--- Information provided ---
>>>
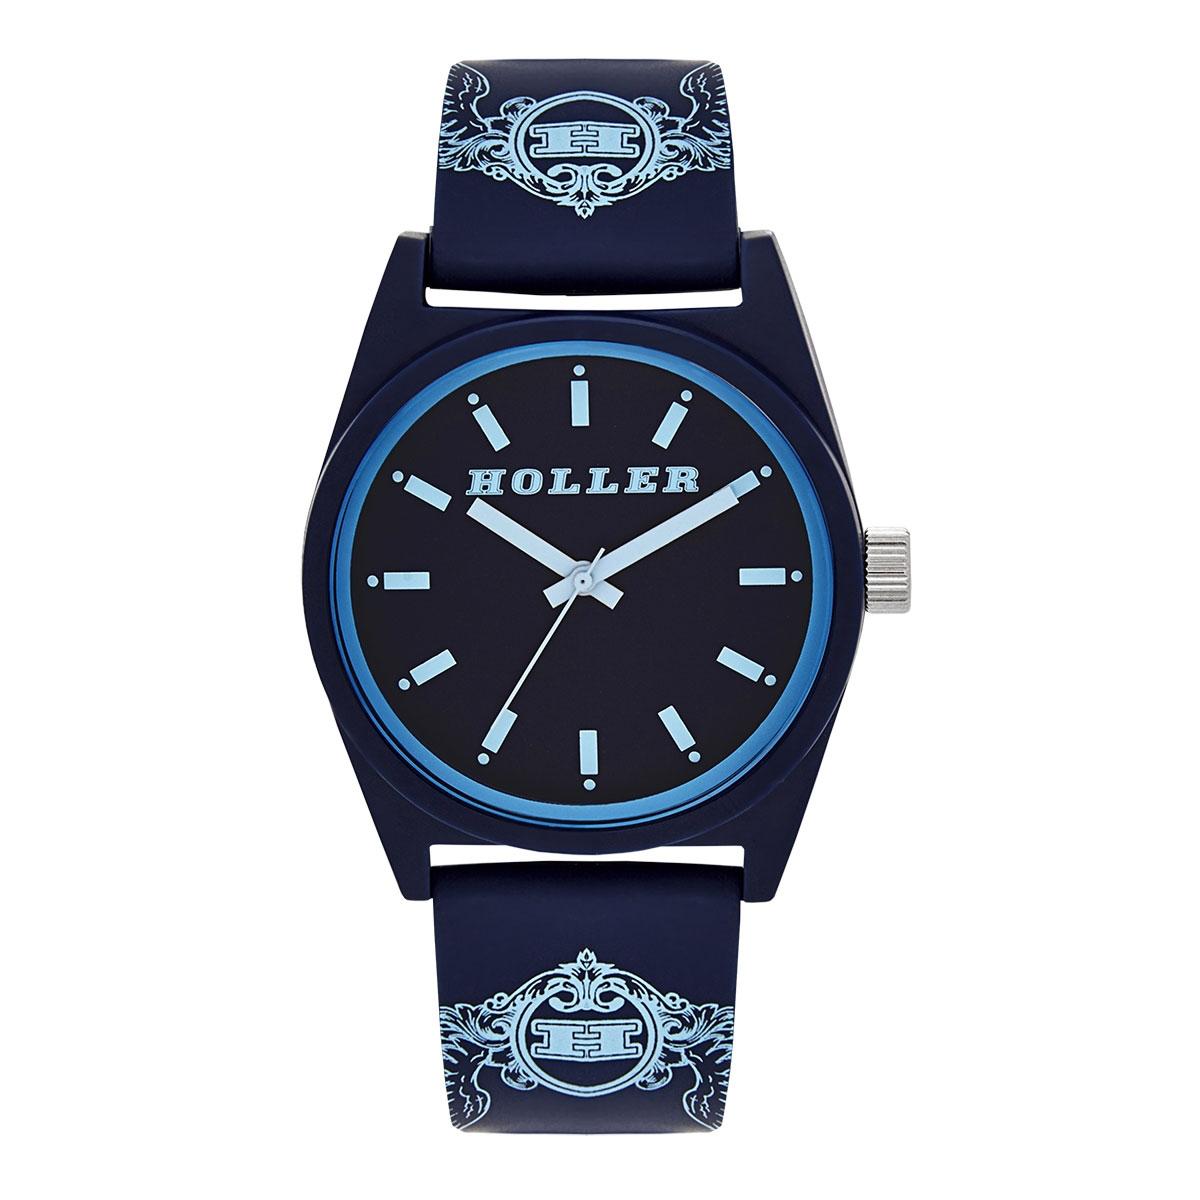 Backbeat Navy and Light Blue Watch
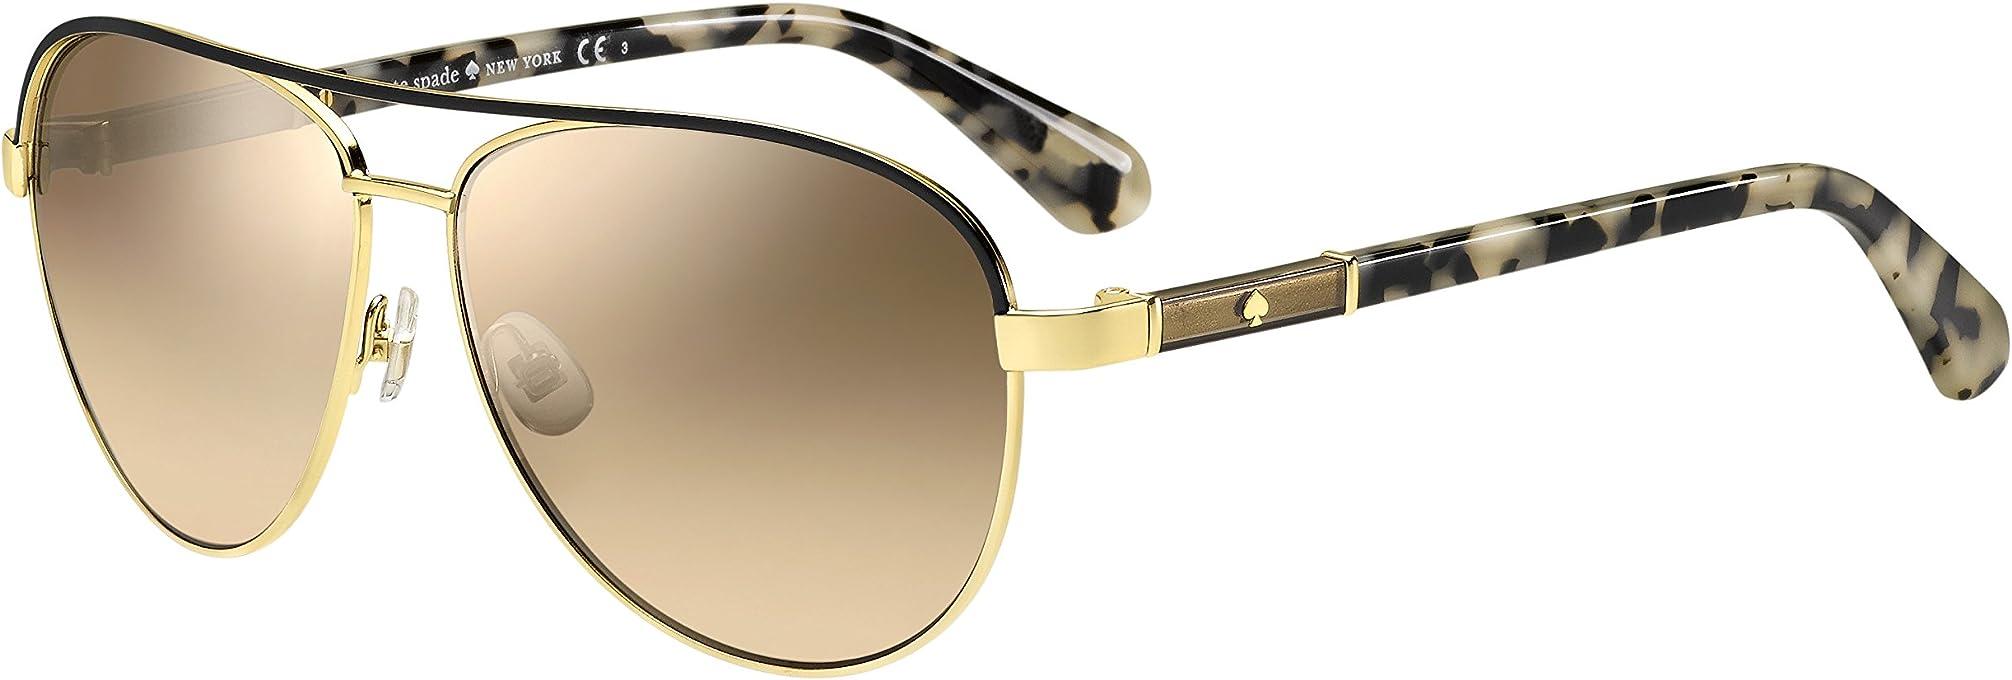 Kate Spade EMILYANNS Aviator 59 mm Sunglasses
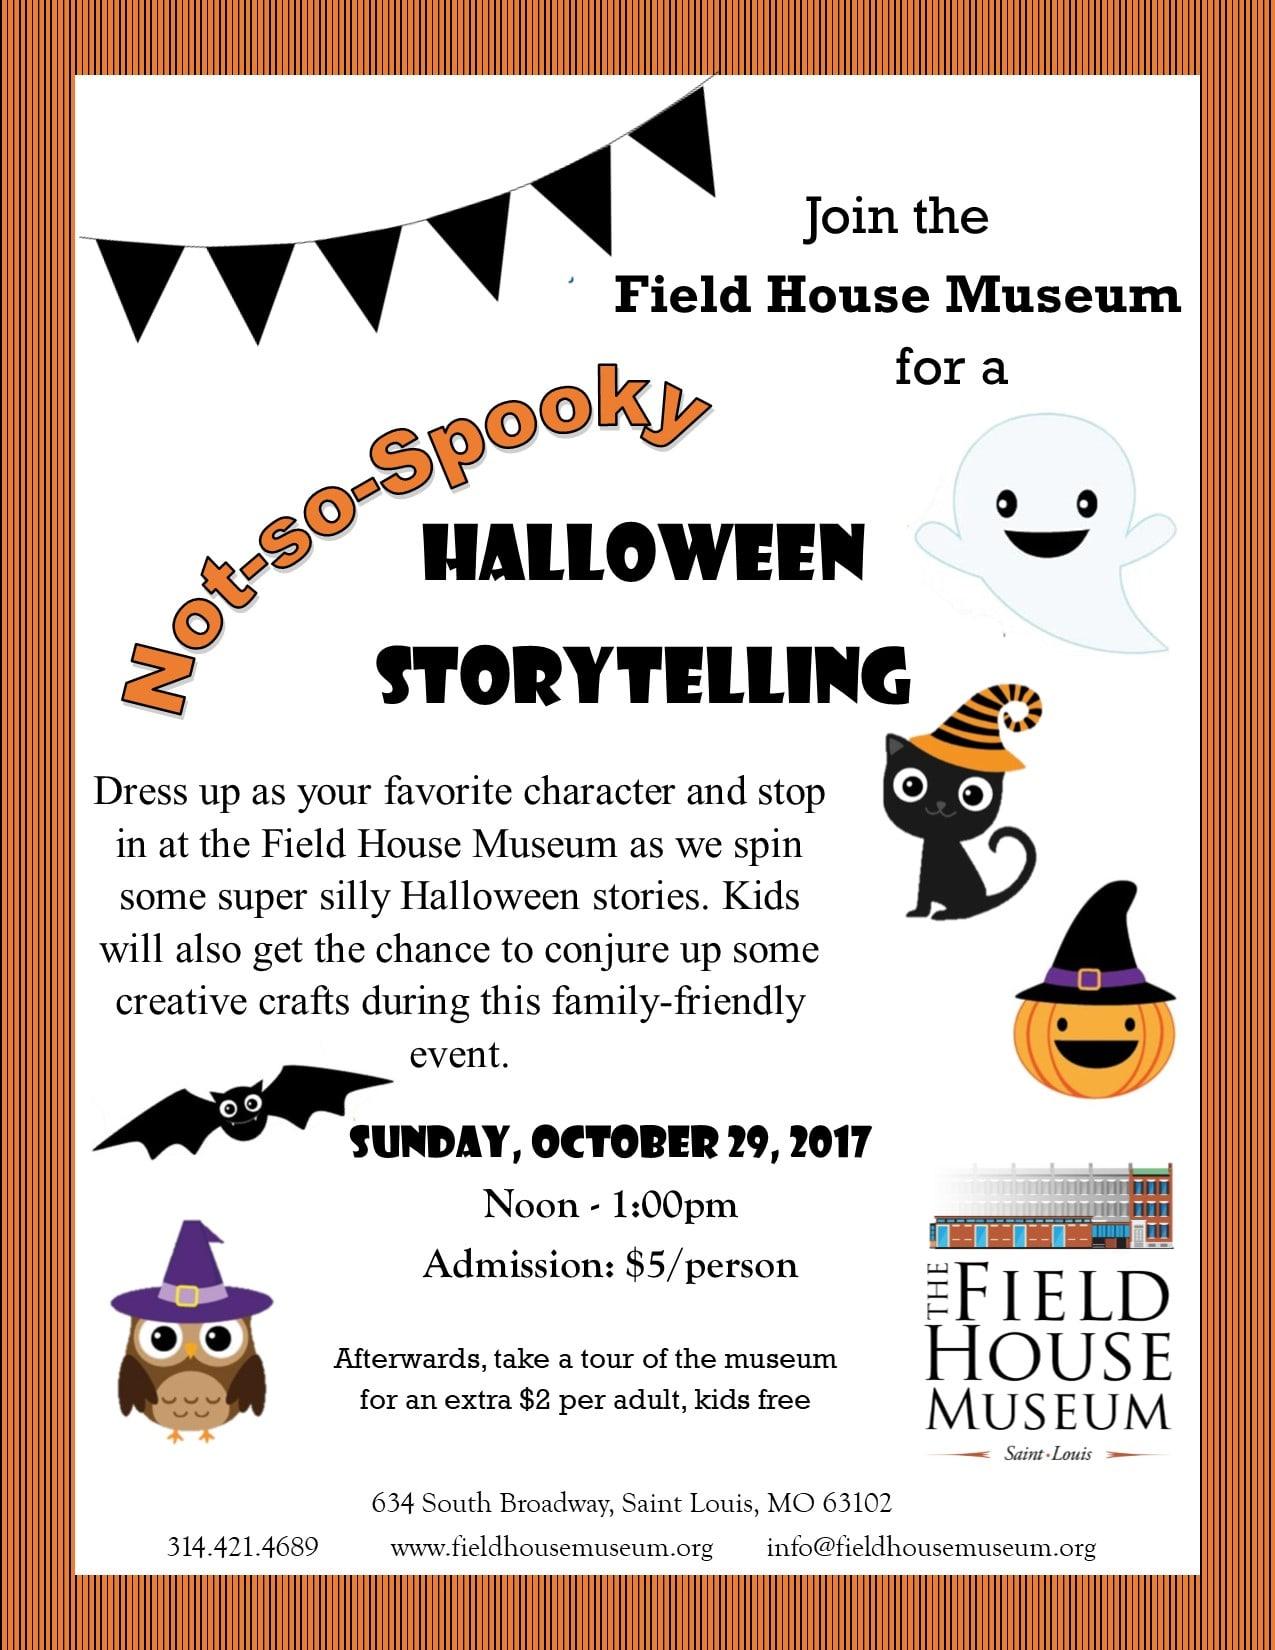 Not So Spooky Halloween Storytelling
<<<
--- Task description ---
Retype each line above exactly and leave out any picture.

--- Answer to this exercise ---
 Backbeat Navy and Light Blue Watch
 Kate Spade EMILYANNS Aviator 59 mm Sunglasses
 Not So Spooky Halloween Storytelling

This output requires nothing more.